À primeira vista, a conexão entre salvar a Fannie Mae e, por
trás disto, manter preços elevados no mercado imobiliário
para os proprietários de casas americanos pode não parecer
estreitamente ligada aos planos de pensão corporativos, estaduais e
locais. Assim, vamos rastrear essa ligação. A
salvação dos prestamistas hipotecários em última
análise deve ser alcançada a expensas de receitas fiscais
estaduais e locais sobre a propriedade. Receitas que são utilizadas
para pagar juros não estão disponíveis para pagar
impostos. Se as dívidas continuam a crescer exponencialmente e a
extrair mais encargos com juros, isto força uma guinada fiscal para o
trabalho e a indústria.
Durante o último século o sector financeiro fez incursões
constantes a fim de capturar o que costumava ser o papel do governo. A
retórica libertária anti-fiscal do "mercado livre"
é simplesmente uma cobertura para a substituição do
governo democrático eleito pelo sector financeiro. O planeamento
prospectivo está a ser distorcido a fim de servir o sector financeiro,
não com o objectivo do crescimento a longo prazo e da
elevação dos padrões de vida, e certamente não para
proteger a posição fiscal do sector público.
Uma das disposições menos conhecidas da salvação
imobiliária desta semana é o endosso de "hipotecas
negativas". Estes acordos de dívida acrescentam o acúmulo
de juro ao principal. A estória de encobrimento é que isto
permite aos proprietários de baixo rendimento manterem suas casas com um
serviço de dívida
(carrying charge)
mais baixo, tomando emprestado o juro ao invés de pagá-lo.
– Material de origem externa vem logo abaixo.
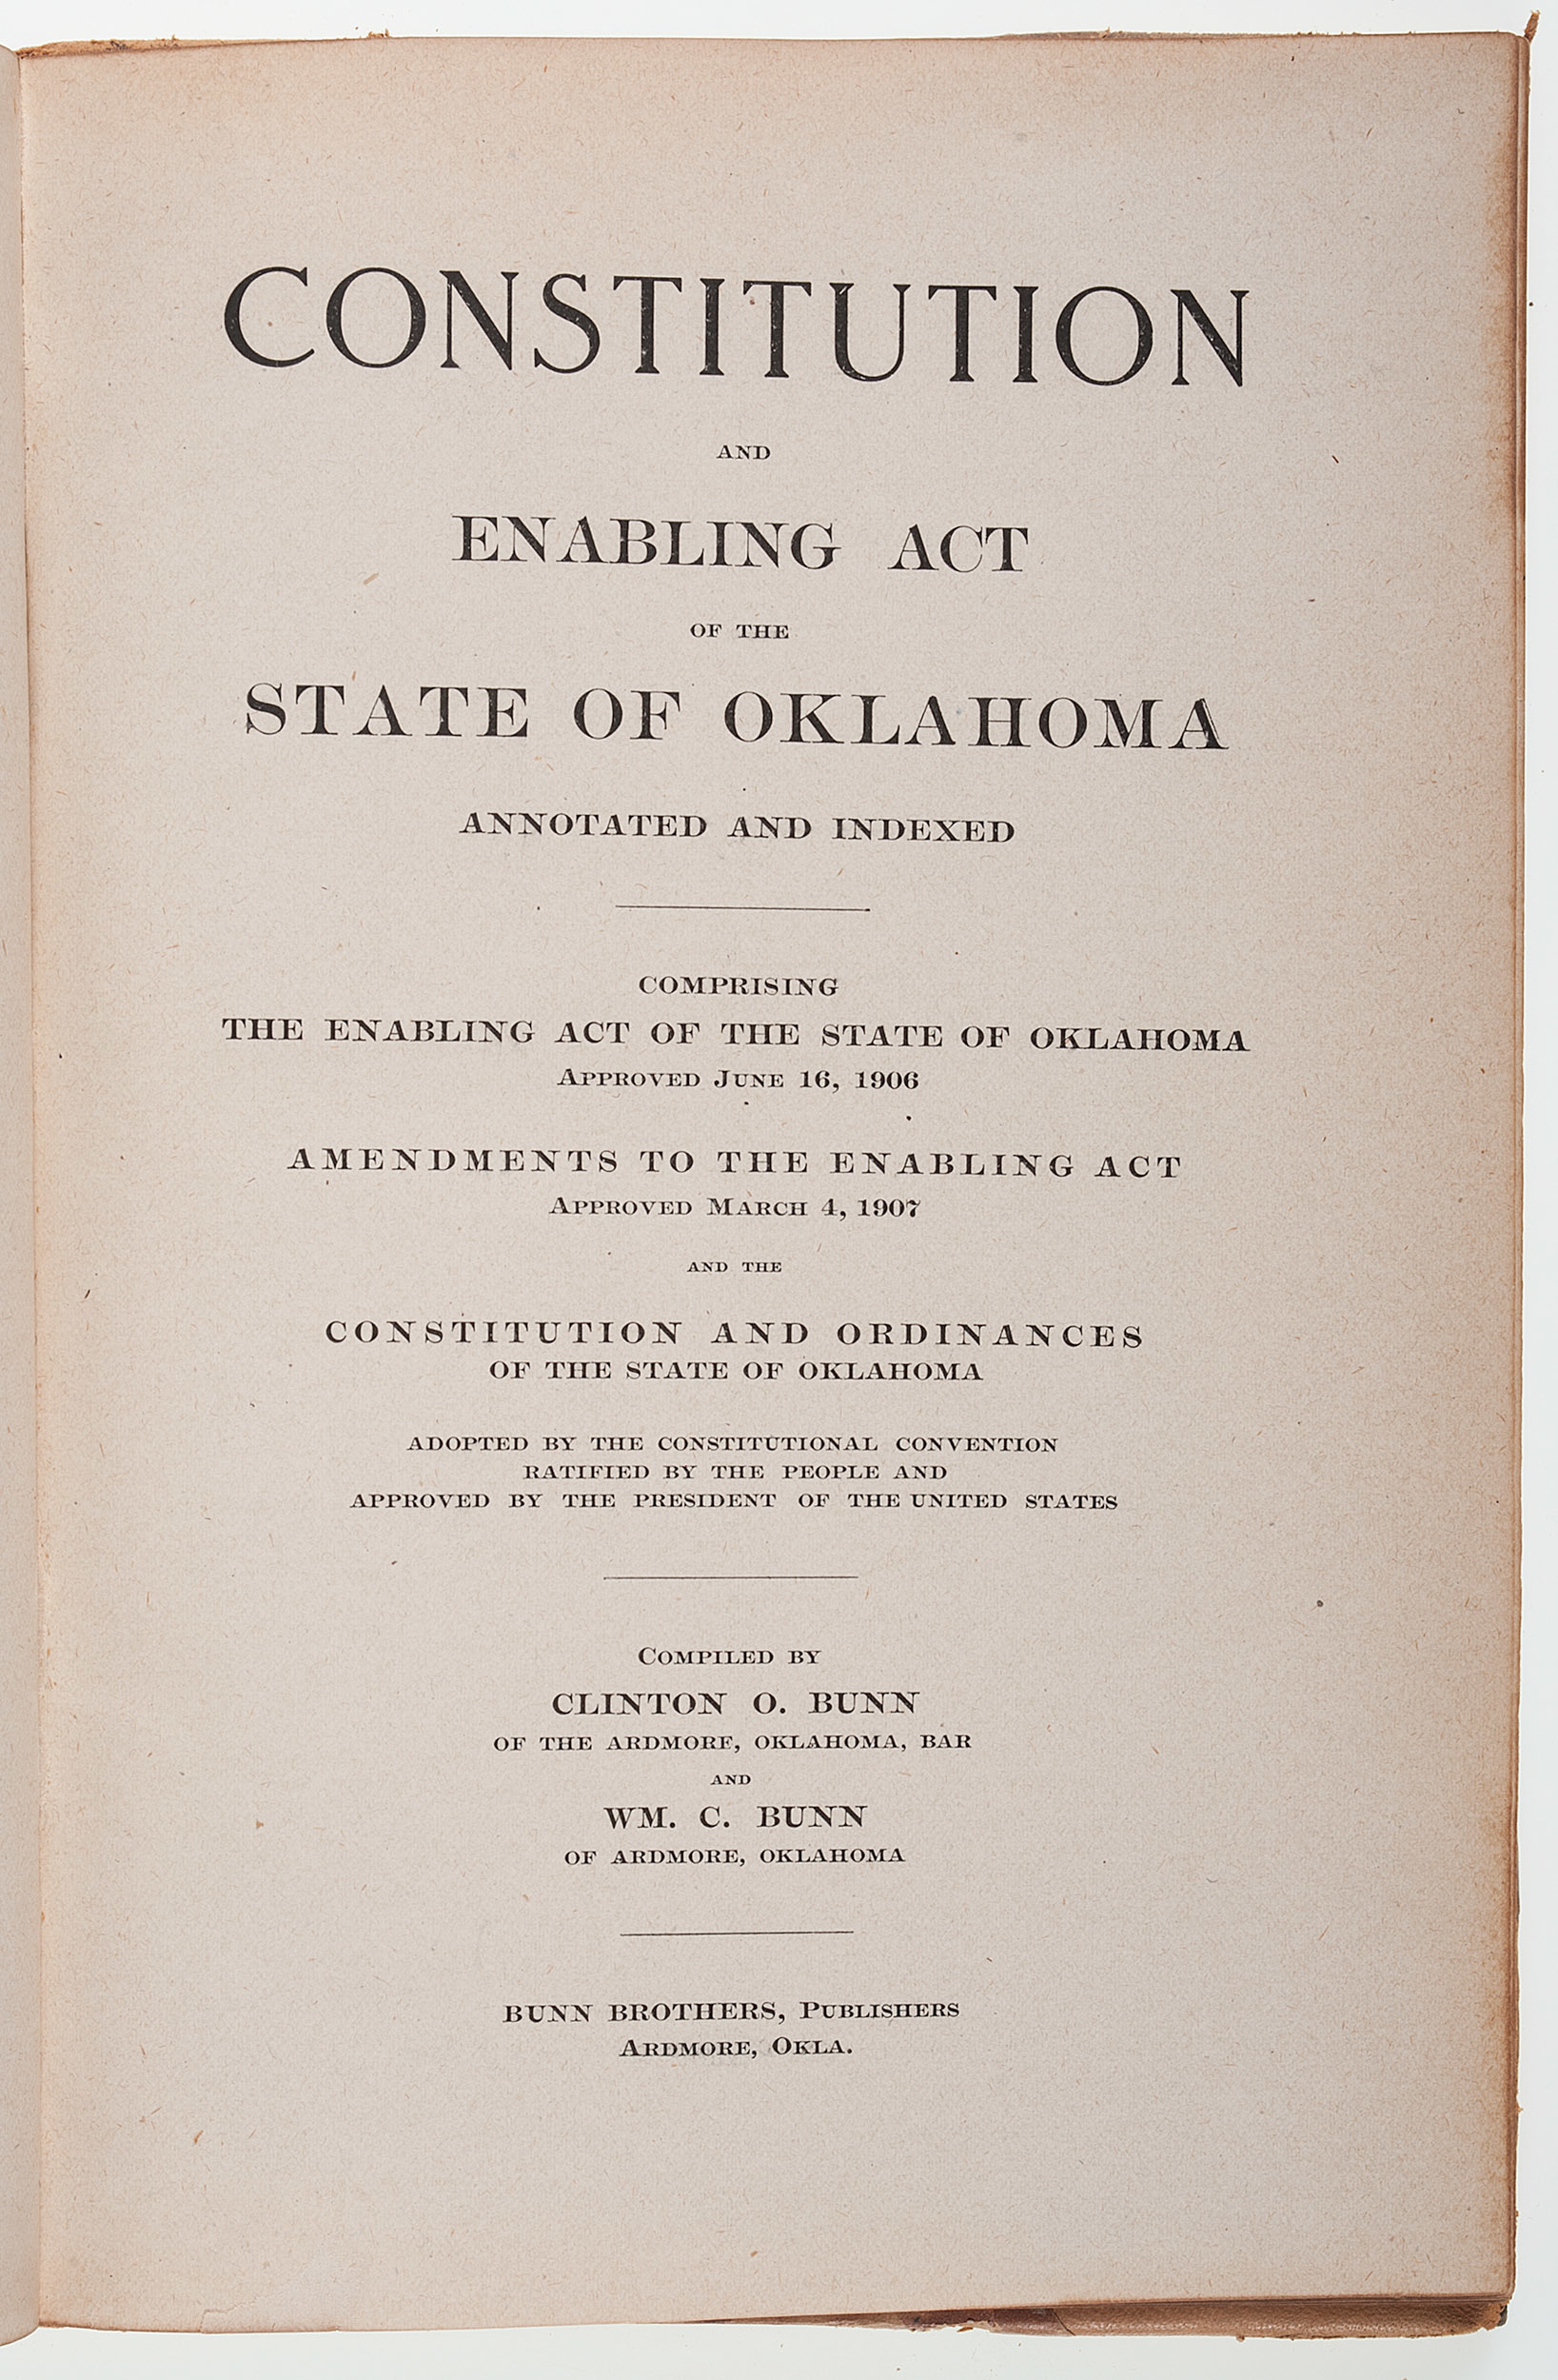 Western Americana - Law] Early Printing of Oklahoma Constitution -  Published in Ardmore in the Year of Ratification | Cowan's Auction House:  The Midwest's Most Trusted Auction House / Antiques / Fine Art / Art  Appraisals

Mas
isto significa que o que costumava acumular para o proprietário como um
ganho de "capital" (preço do terreno) doravante
acumulará para o prestamista hipotecário. Durante mais de um
século, o principal meio pelo qual a maior parte das famílias
americanas enriqueceu foi através do almoço gratuito dos
preços da terra em ascensão exponencial. Agora, o que
está para ascender exponencialmente nos próximos anos é a
sobrecarga da dívida. É o sector financeiro que ficará
com o almoço gratuito dos ganhos do preço da terra.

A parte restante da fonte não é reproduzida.